Vanguard’s VXUS ETF, tracking international stocks, has outperformed the S&P 500 for the first time in five years with a 10% YTD gain, driven partly by a stronger U.S. dollar and developed market strength. However, long-term returns still lag the S&P 500, with VXUS delivering 145% over a decade compared to VOO’s 313.8%, highlighting trade-offs like currency risk and lower tech exposure.

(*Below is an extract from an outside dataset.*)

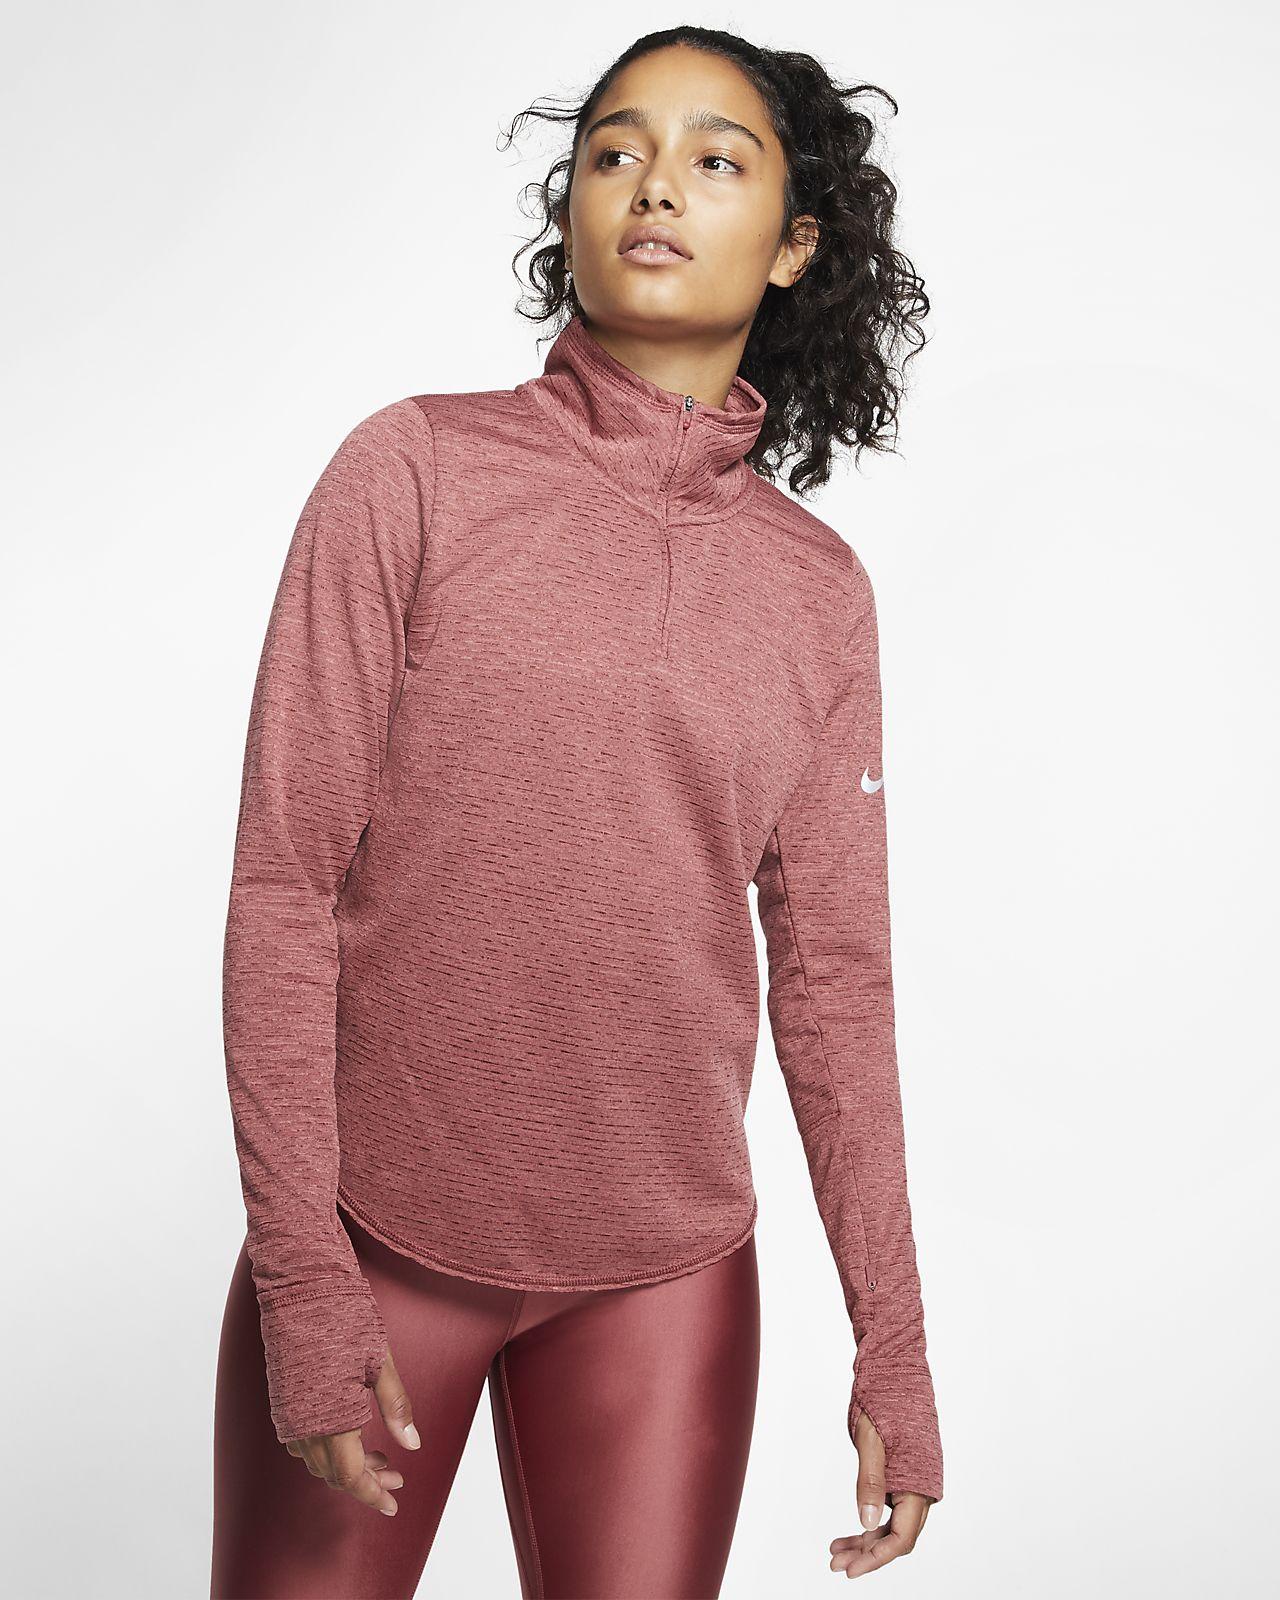 Nike Sphere Laufoberteil mit Halbreißverschluss für Damen
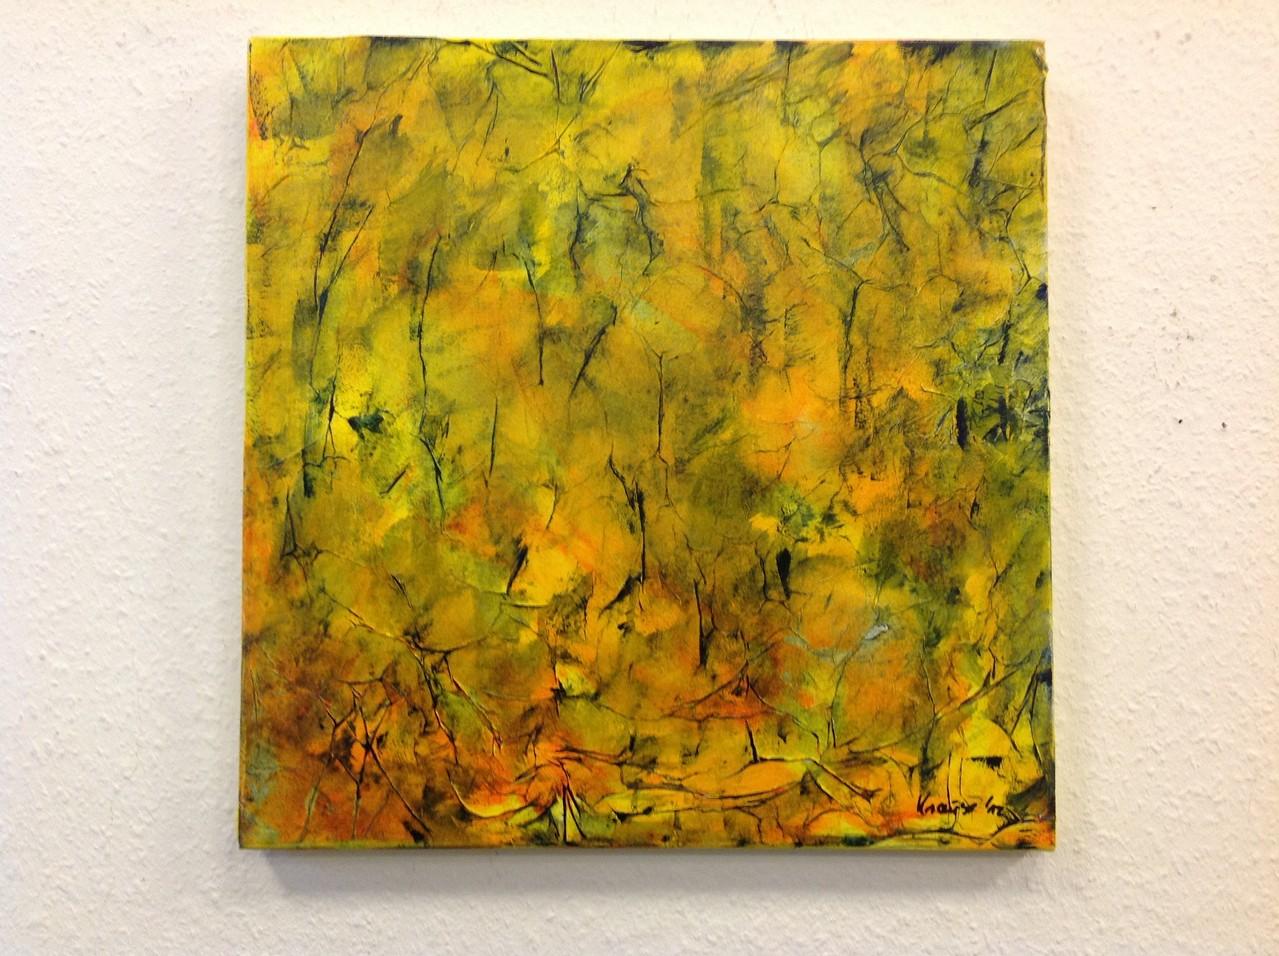 Dietmar Krause, Acryl auf Leinwan, 50 x 50cm

Vanguard’s VXUS ETF, which tracks the FTSE Global All Cap ex US Index, has outperformed the S&P 500 for the first time since 2021, with a 10% year-to-date gain compared to VOO’s 8%. The fund holds over 8,000 stocks across developed and emerging markets outside the U.S., charging a 0.05% annual fee and offering a 2.6% distribution yield. A stronger U.S. dollar has boosted returns by compressing the value of foreign earnings when translated back to dollars, though currency fluctuations remain a risk. The turnaround in 2026 contrasts with VXUS’s long-term underperformance, with five-year returns at 51.3% versus the S&P 500’s 85.4% and a decade-long gap widening further to 145% for VXUS compared to VOO’s 313.8%. The fund delivers broad international exposure but lacks the concentrated tech exposure that has driven U.S. market gains. Investors face trade-offs, including currency risk, lower growth potential, and tax friction from foreign dividend withholding. Developed markets are leading VXUS’s YTD gains, with VEA up nearly 11% and VWO at 8%, driven by Japanese corporate reforms and a European industrial revival. VXUS bundles these regions together, avoiding the need for investors to time developed versus emerging markets. The fund’s strength in 2026 suggests shifting investor sentiment toward international diversification, though long-term trends still favor the S&P 500. For investors with a U.S.-focused portfolio, holding VXUS at 20-30% of equity allocations aligns holdings closer to global market-cap weights. However, risks remain, including potential losses if the dollar strengthens further or if U.S. tech stocks continue outperforming. The trade-off between broad international exposure and the S&P 500’s historic returns remains a key consideration for long-term investors.